> _PROVIDED DATA_:
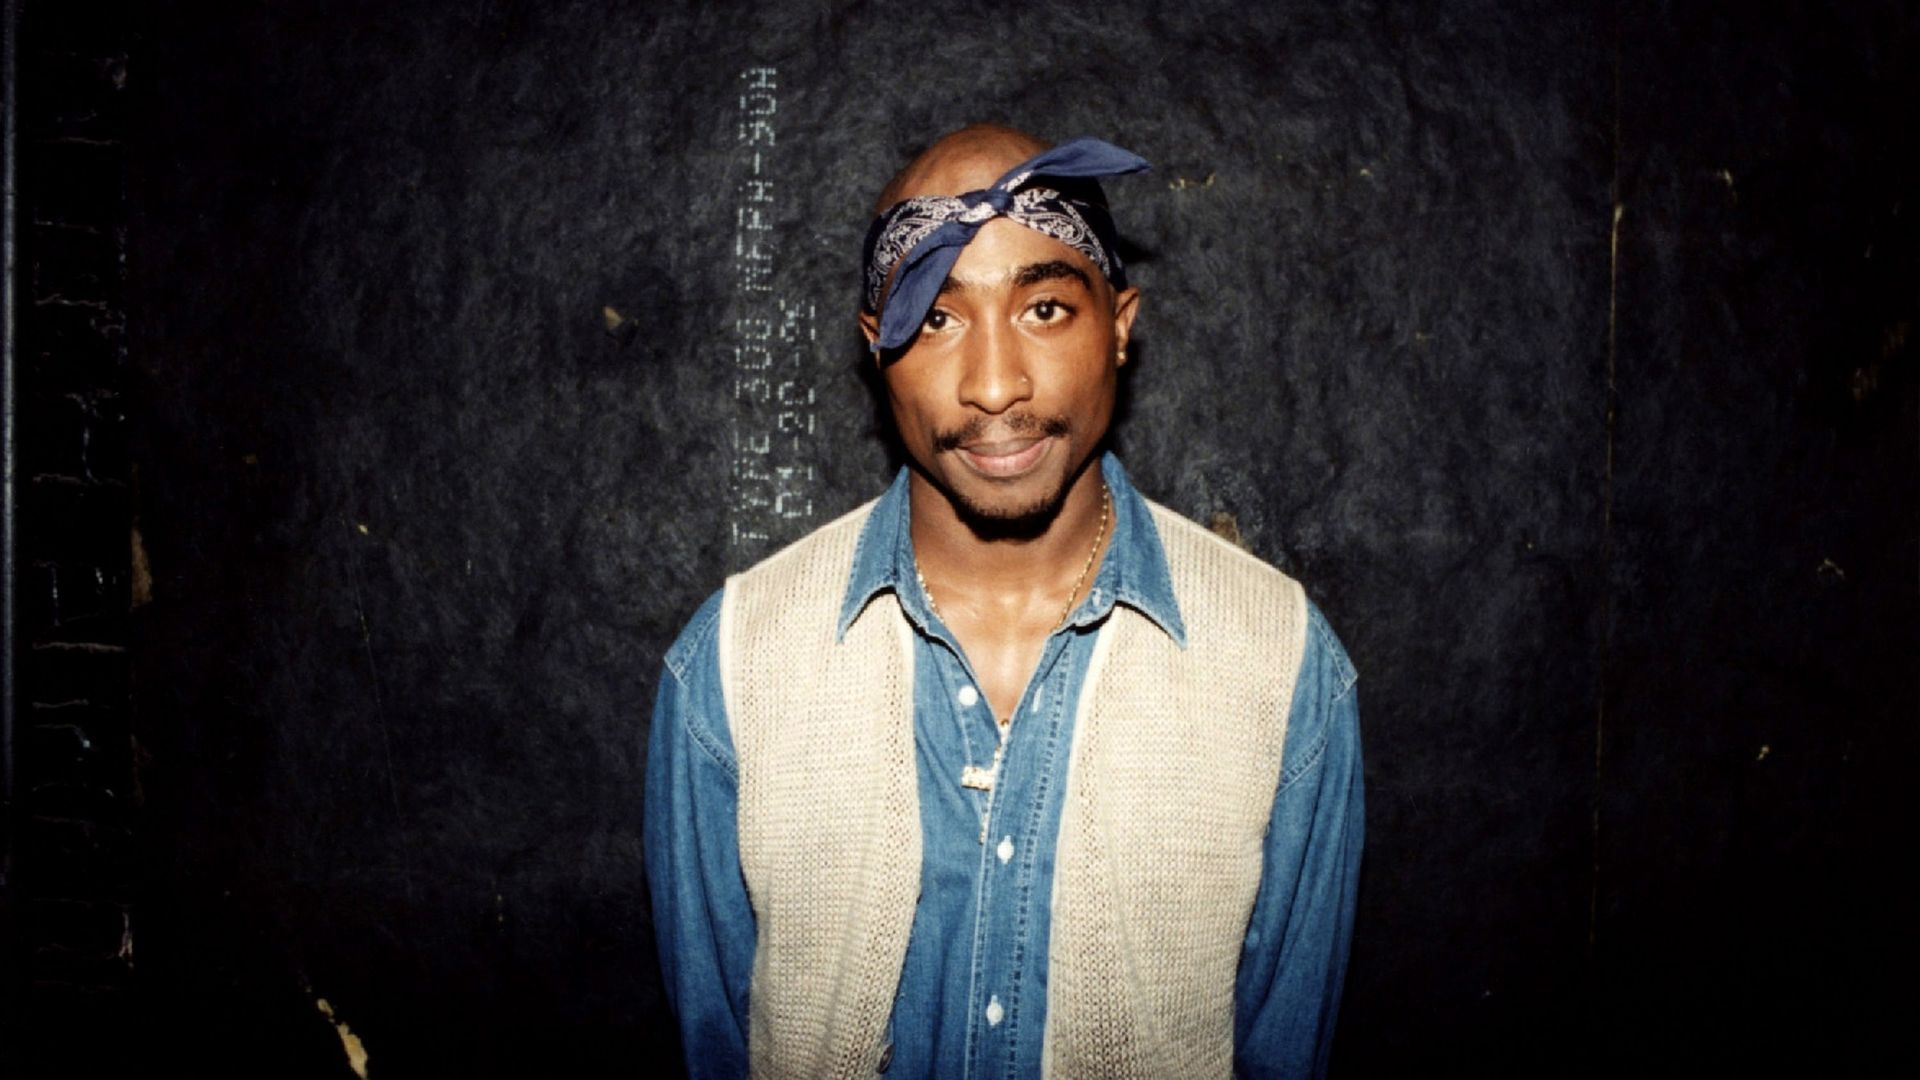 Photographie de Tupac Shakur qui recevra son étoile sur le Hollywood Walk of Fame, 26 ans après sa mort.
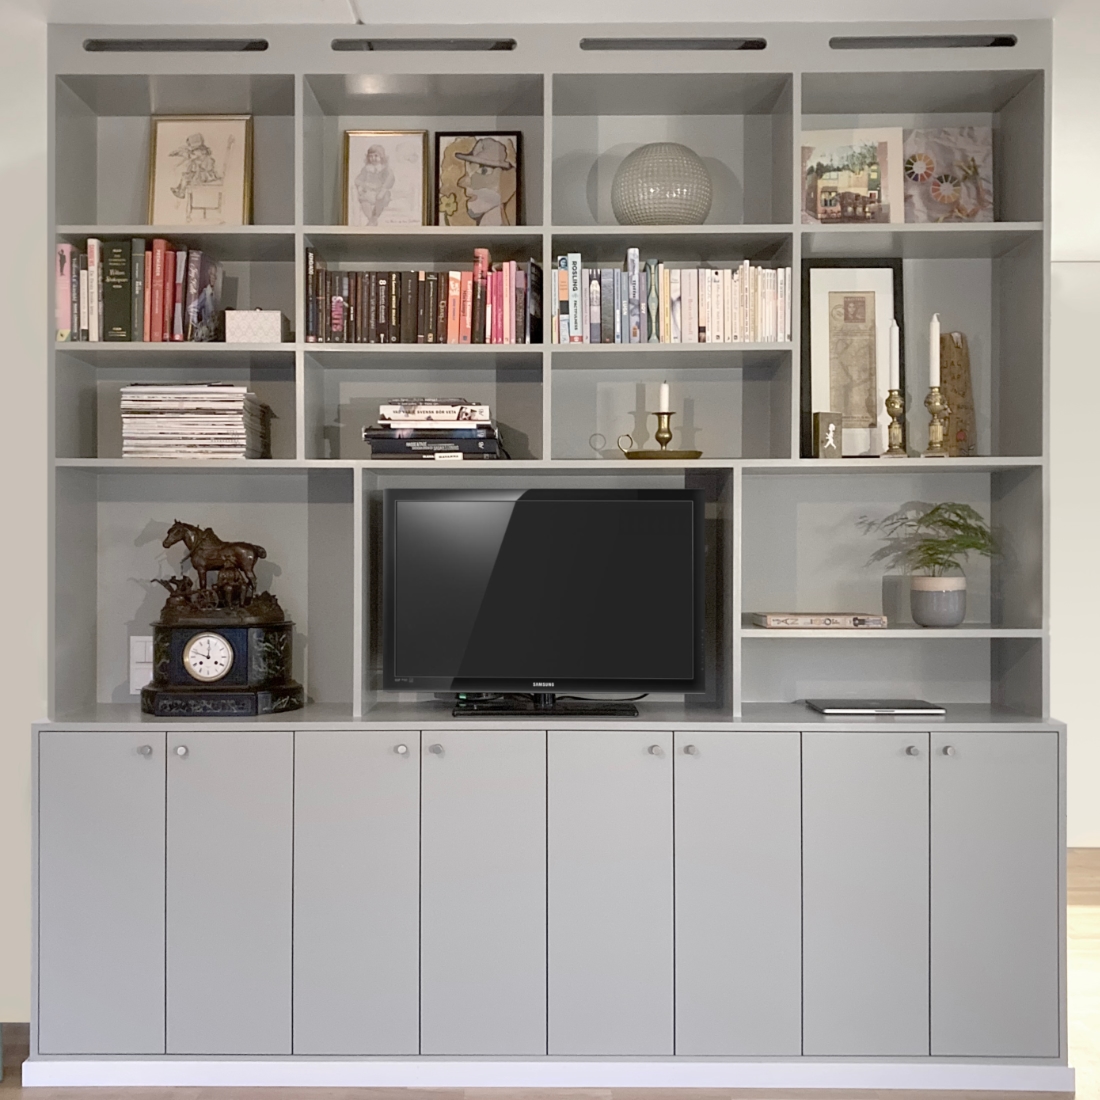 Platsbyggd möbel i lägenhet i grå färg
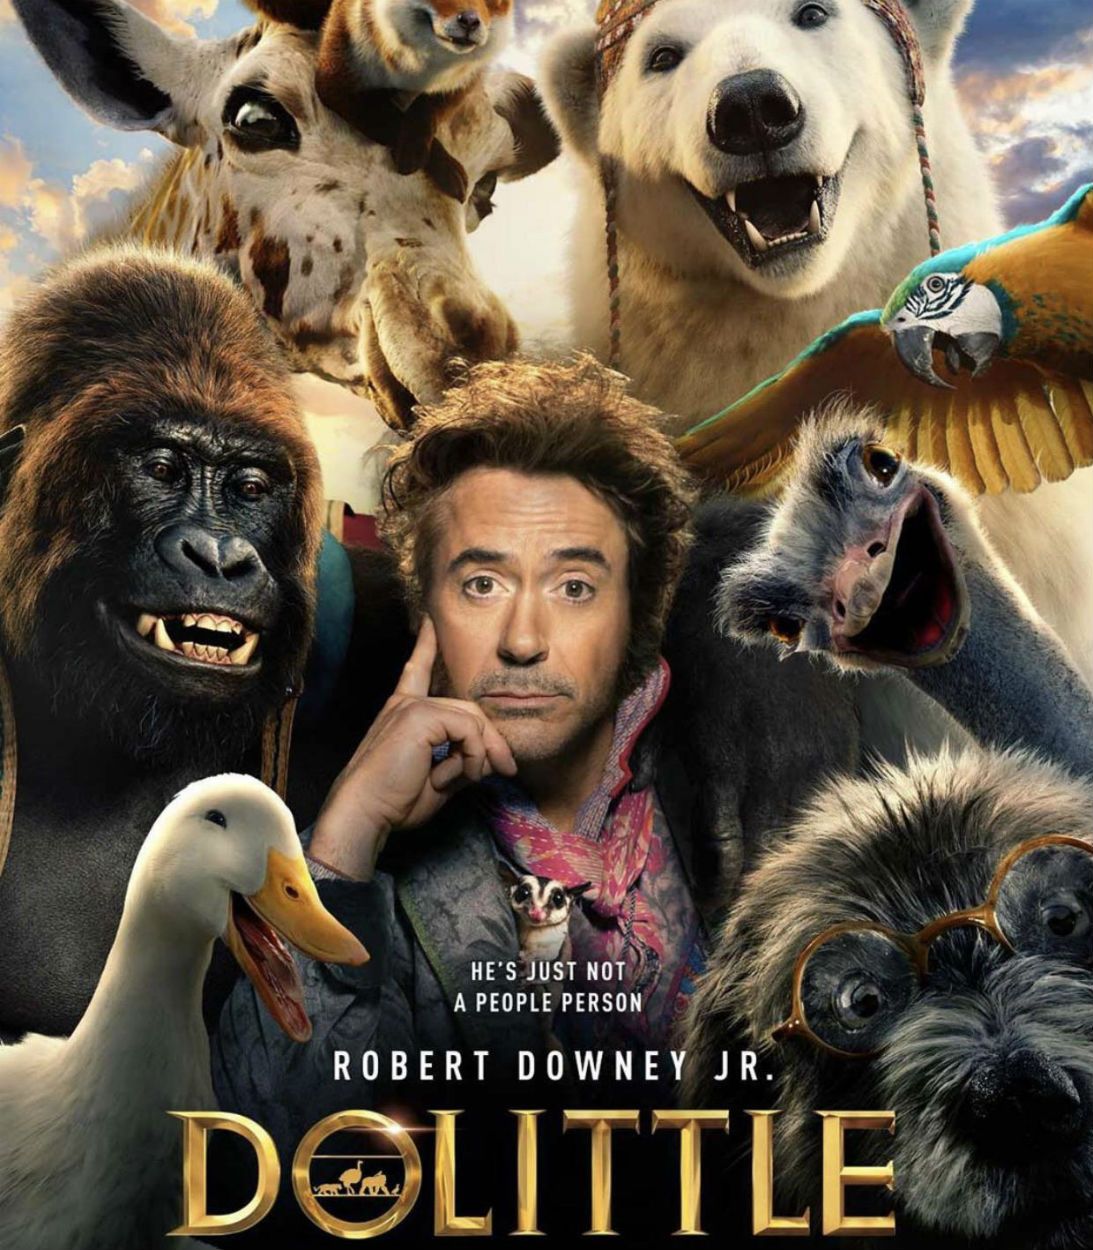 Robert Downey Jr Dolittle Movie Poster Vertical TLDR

> _TASK ITEM_: Everything in the material above is to be reproduced exactly, pictures aside.

> _RESPONSE TO THIS EXERCISE_:
 Photographie de Tupac Shakur qui recevra son étoile sur le Hollywood Walk of Fame, 26 ans après sa mort.
 Platsbyggd möbel i lägenhet i grå färg
 Robert Downey Jr Dolittle Movie Poster Vertical TLDR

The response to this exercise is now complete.